Cá Bhfuil Puifín Beag? by Erika McGann and Gerry Daly

Percy Péacóg is written by Gemma Breathnach, illustrated by Tarsila Krüse and published by Futa Fata. Poor Percy is a handsome and colourful peacock who hates being the centre of attention. He is mortified whenever his magnificent tail fans out at school and everyone stares at him.

Percy tries to conceal his tail until it comes in handy in an emergency, and he finally accepts himself and the admiration he elicits. The colourful images are fabulous and all of the characters are extrememly endearing. This is a lovely, lively story that will resonate with children, especially if they are shy like Percy.

Percy Péacóg by Gemma Breathnach and Tarsila Krüse

Cá Bhfuil Puifín Beag? is written by Erika McGann, based on a story by Seán Daly, illustrated by Gerry Daly, translated by Muireann Ní Chíobháin and published by O'Brien Press. This book is about a cute and fuzzy baby puffin who lives on Skelling Michael. One bright morning, Puifín Beag decides it's the perfect day for an adventure.

She sets off by herself, lending a hand (or a wing) to anyone she encounters along the way. When Puifín Beag finds herself in trouble later on, all the creatures the little puffin has helped repay her kindness and come to her aid. The illustrations are adorable and it's great fun spotting Puifín Beag in the background of all the images while her parents search for her. It's also lovely to meet so many different animals and see their homes too.
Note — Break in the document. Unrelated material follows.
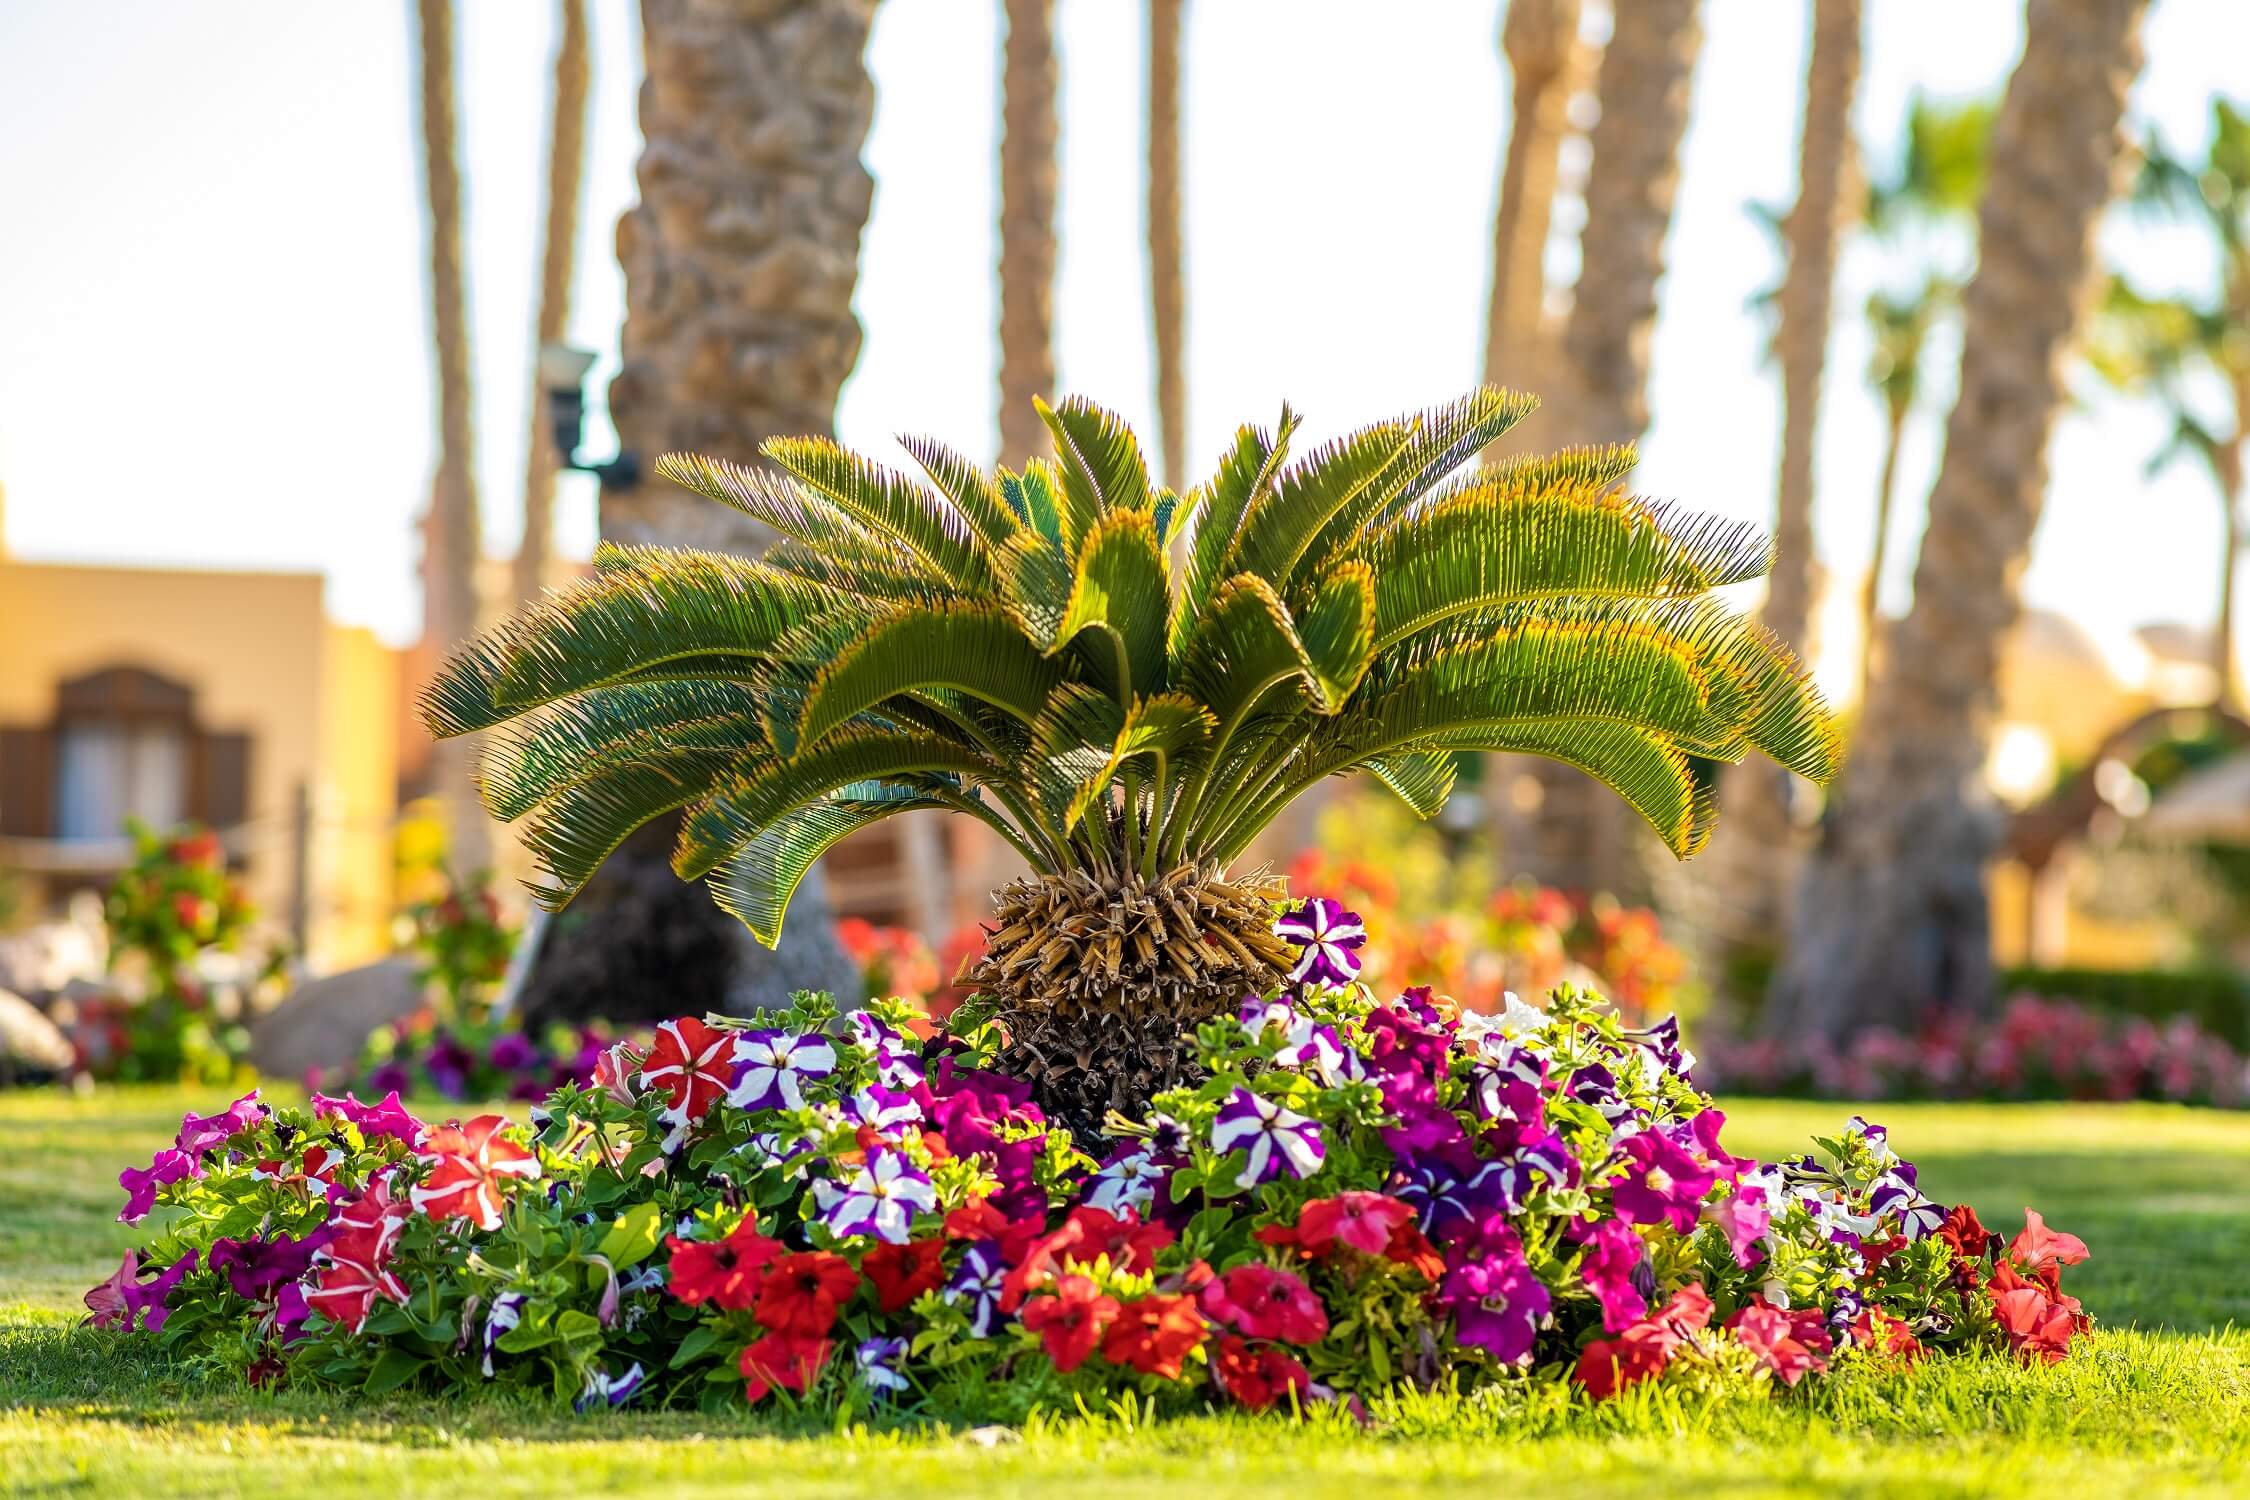 A small palm tree surrounded by colorful flowers.

Cá Bhfuil Puifín Beag? by Erika McGann and Gerry Daly

In each story there is lots of repetition of words and phrases which young children love and which also helps reinforce the new vocabulary. Both of these books are perfect for those who speak Irish at home as well as families like ours who don't. Bright and cheerful with gorgeous illustrations, these are ideal for anyone hoping to encourage Irish children to develop a positive relationship with their native language. Tá siad go hálainn ar fad!